> **Exercise data**:
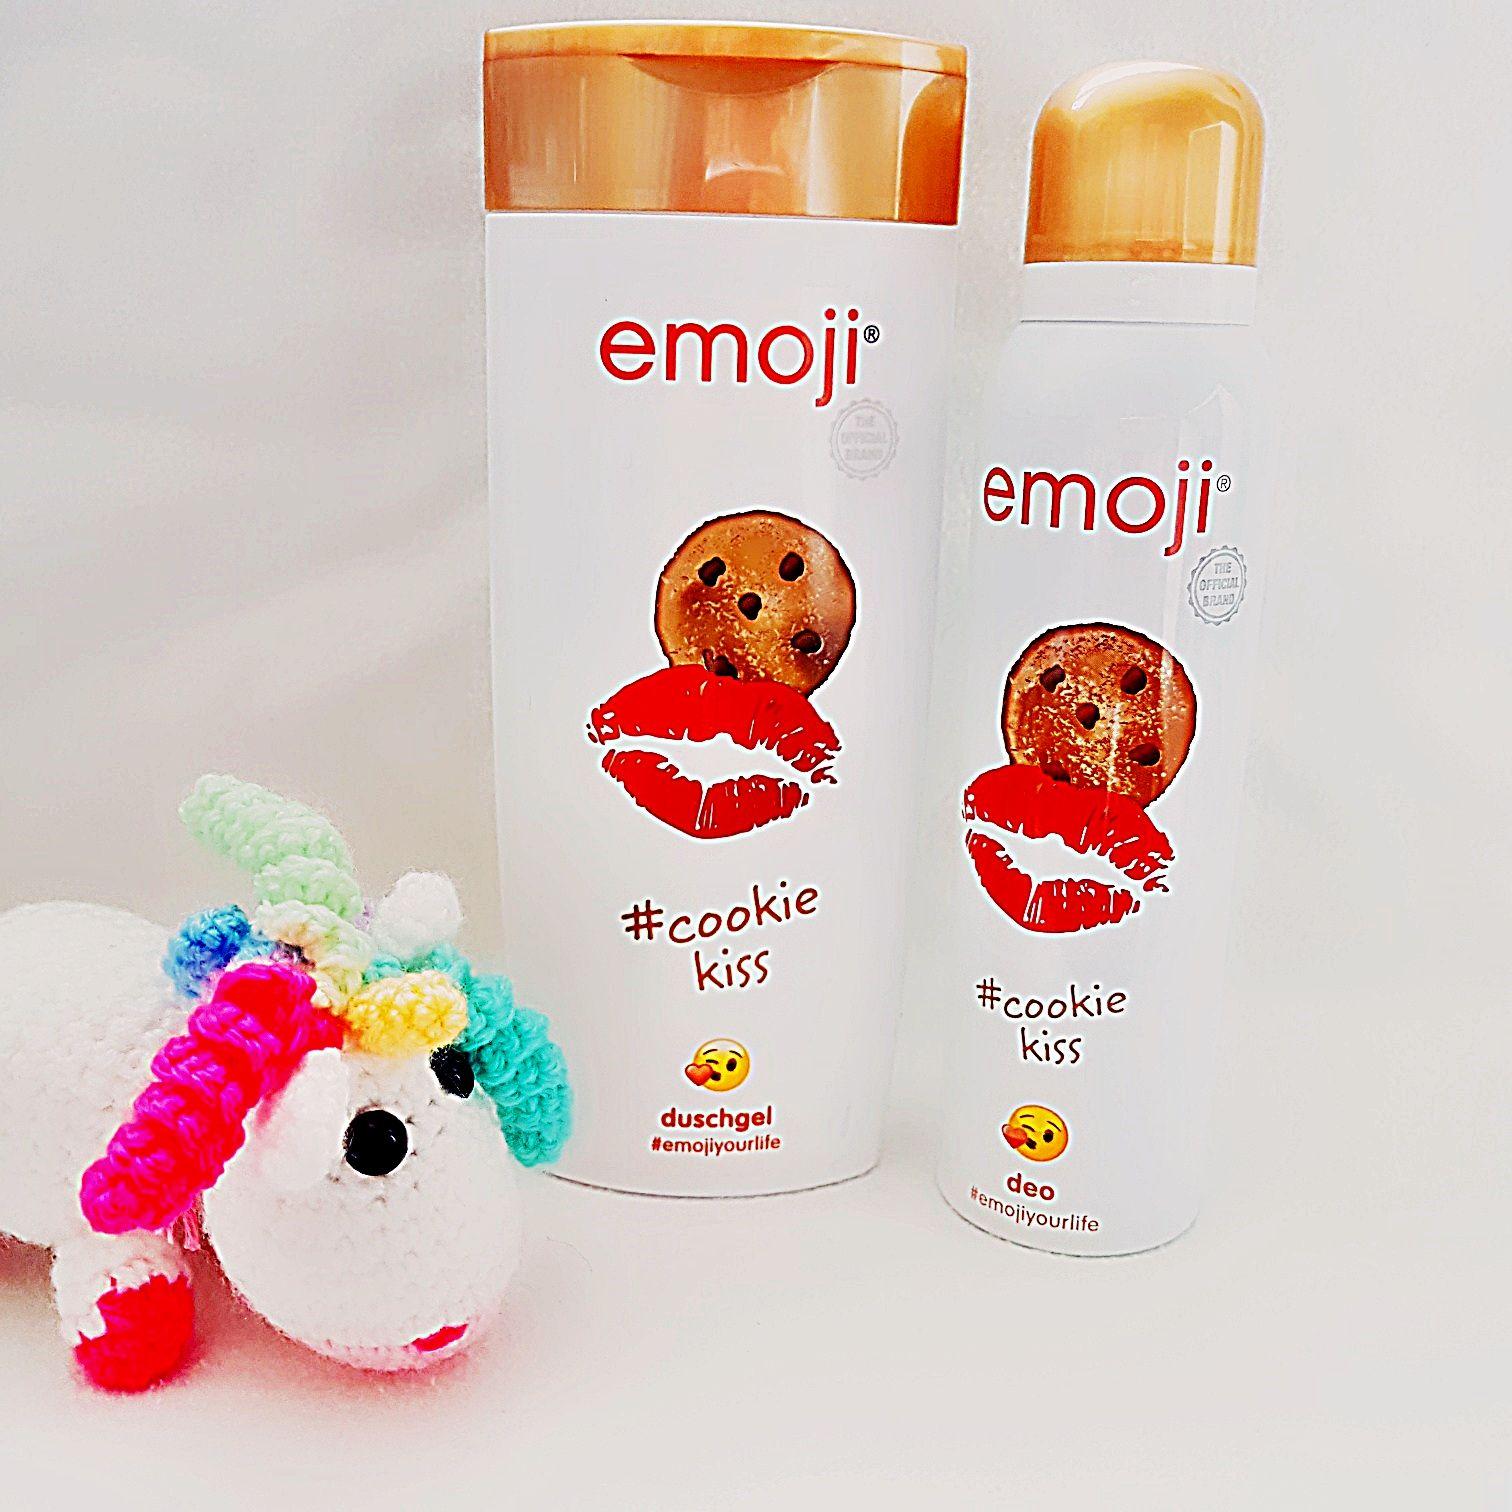 emoji cookiekiss Duschgel und Deospray
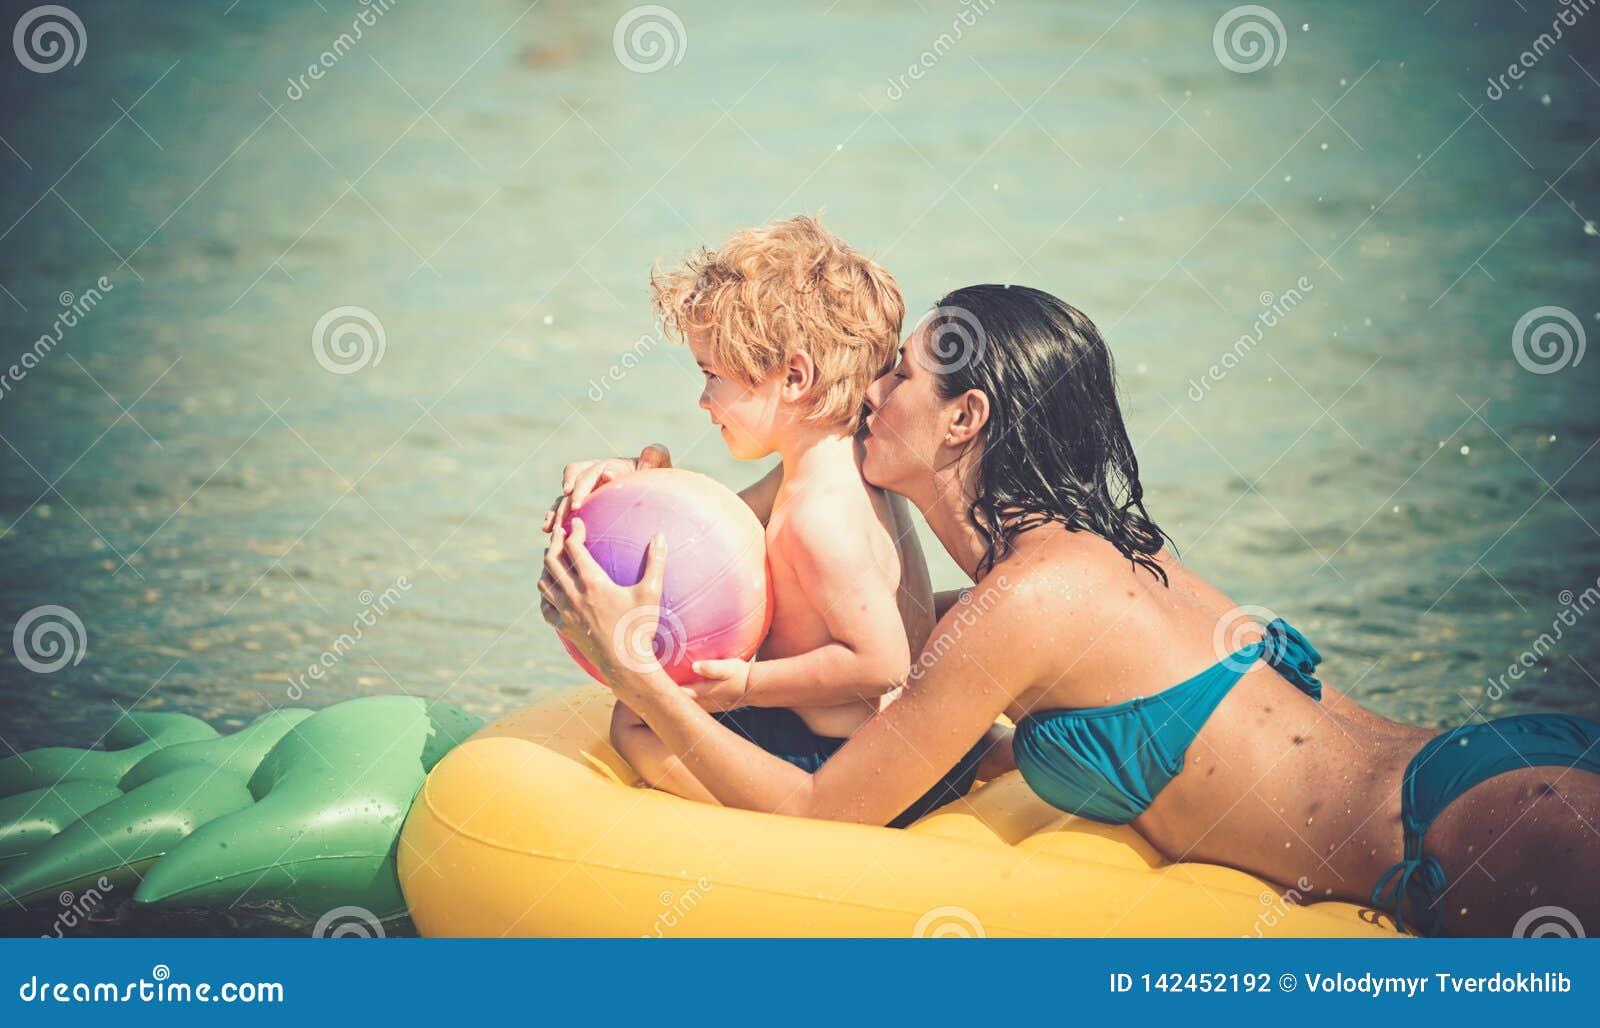 Το κορίτσι με το παιδί μικρών παιδιών κολυμπά στο κίτρινο στρώμα αέρα στο νερό το καλοκαίρι
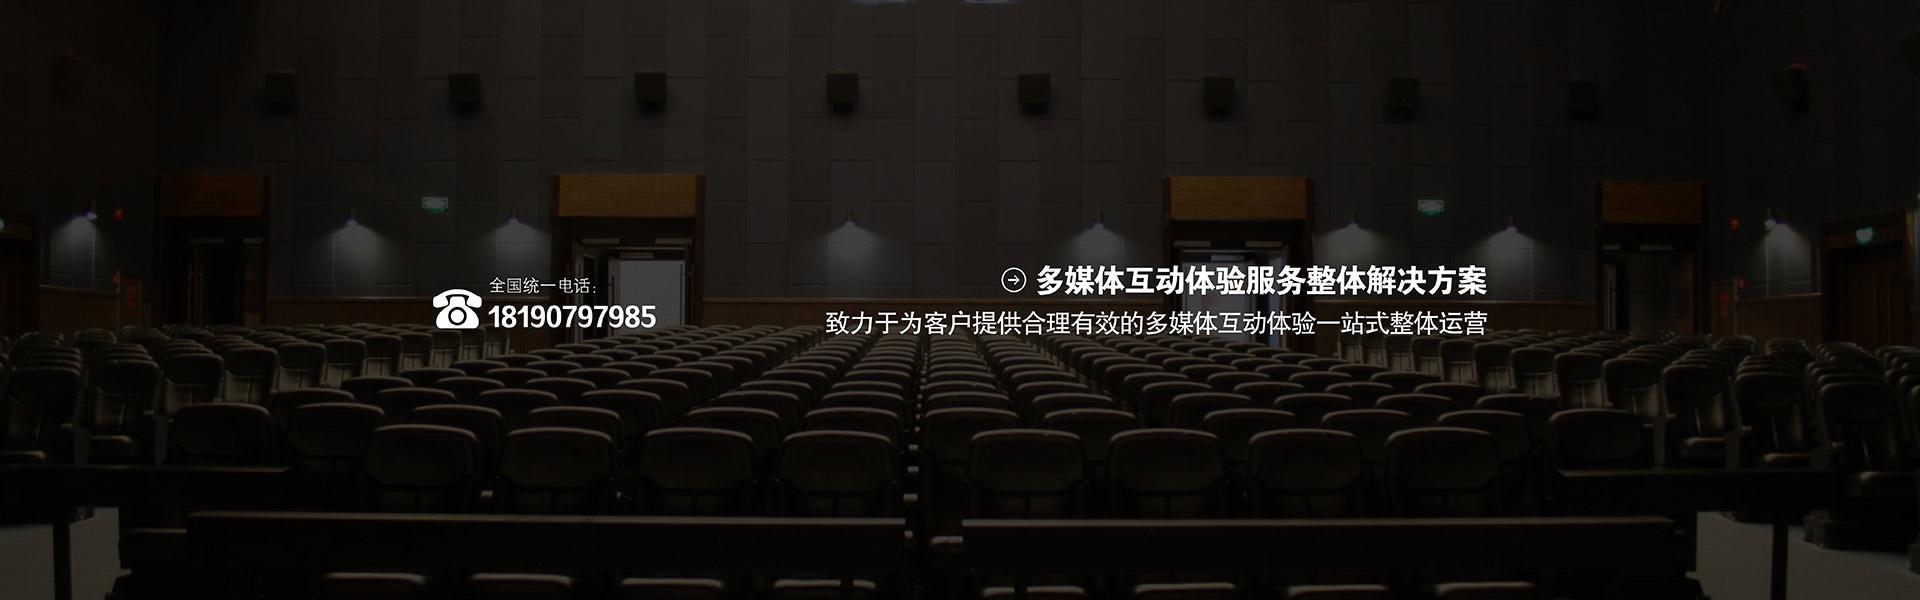 北京安全体验虚拟汽车漫游北京安全体验火山探险体验北京安全体验小型校园地震模拟平台北京安全体验地震体验屋展品北京安全体验虚拟足球体验

> **Task requirements**:
Print the material in full and exactly; the pictures must not be printed.

> **Output for this task**:
 emoji cookiekiss Duschgel und Deospray
 Το κορίτσι με το παιδί μικρών παιδιών κολυμπά στο κίτρινο στρώμα αέρα στο νερό το καλοκαίρι
 北京安全体验虚拟汽车漫游北京安全体验火山探险体验北京安全体验小型校园地震模拟平台北京安全体验地震体验屋展品北京安全体验虚拟足球体验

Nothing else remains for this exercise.